→ **WORK REQUIRED**
All lines from the one containing "まばたき到着する軽量アシートK(サイズ24cm)×2箱セット(4足増量中)" down to the one containing "Mexican #Restaurant #Menu", both ends included, are to be given again exactly; omit the rest of the listing below.

→ **THE INPUT**

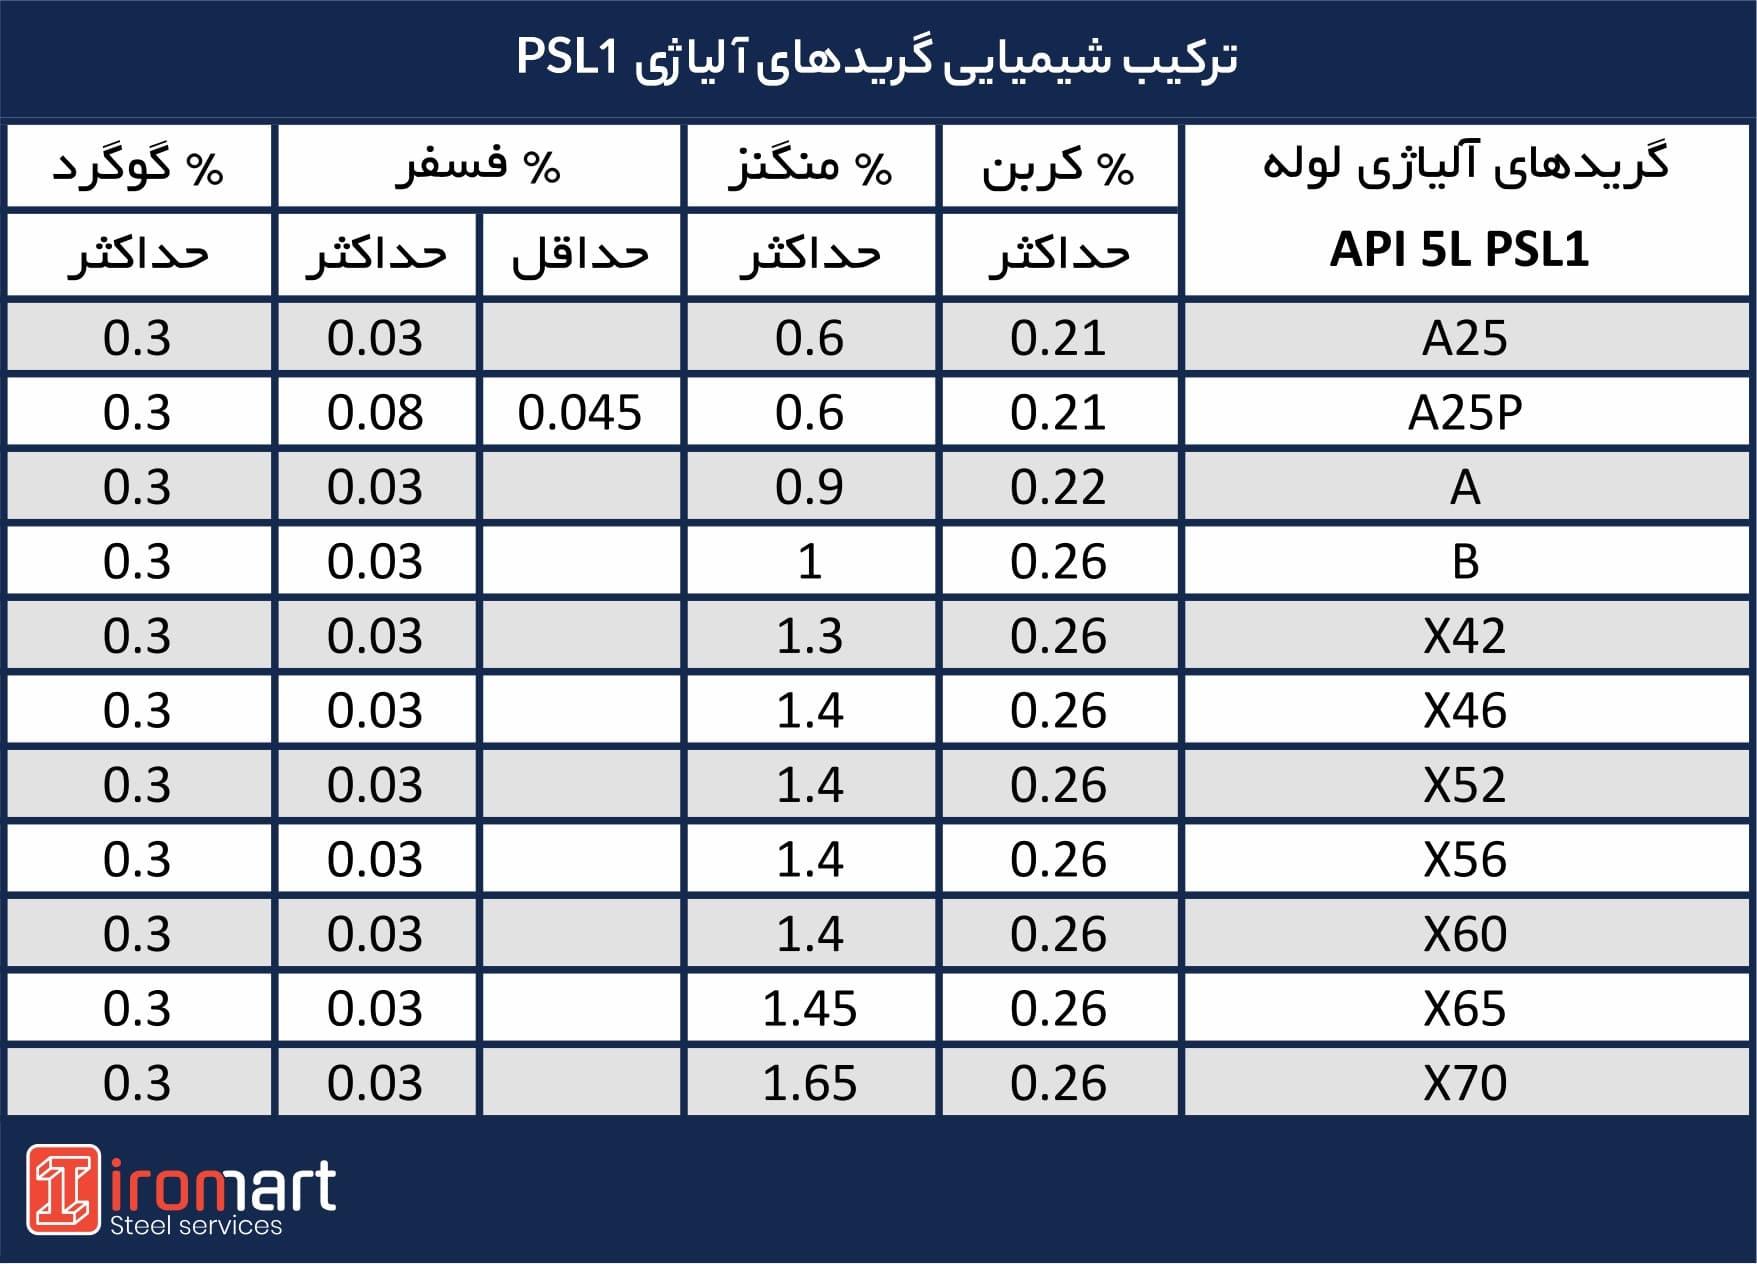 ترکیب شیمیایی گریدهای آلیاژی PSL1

* * *

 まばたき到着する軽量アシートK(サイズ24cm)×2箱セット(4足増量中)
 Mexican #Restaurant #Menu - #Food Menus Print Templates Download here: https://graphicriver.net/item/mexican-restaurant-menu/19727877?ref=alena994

→ **EXERCISE RESULT**
 まばたき到着する軽量アシートK(サイズ24cm)×2箱セット(4足増量中)
 Mexican #Restaurant #Menu - #Food Menus Print Templates Download here: https://graphicriver.net/item/mexican-restaurant-menu/19727877?ref=alena994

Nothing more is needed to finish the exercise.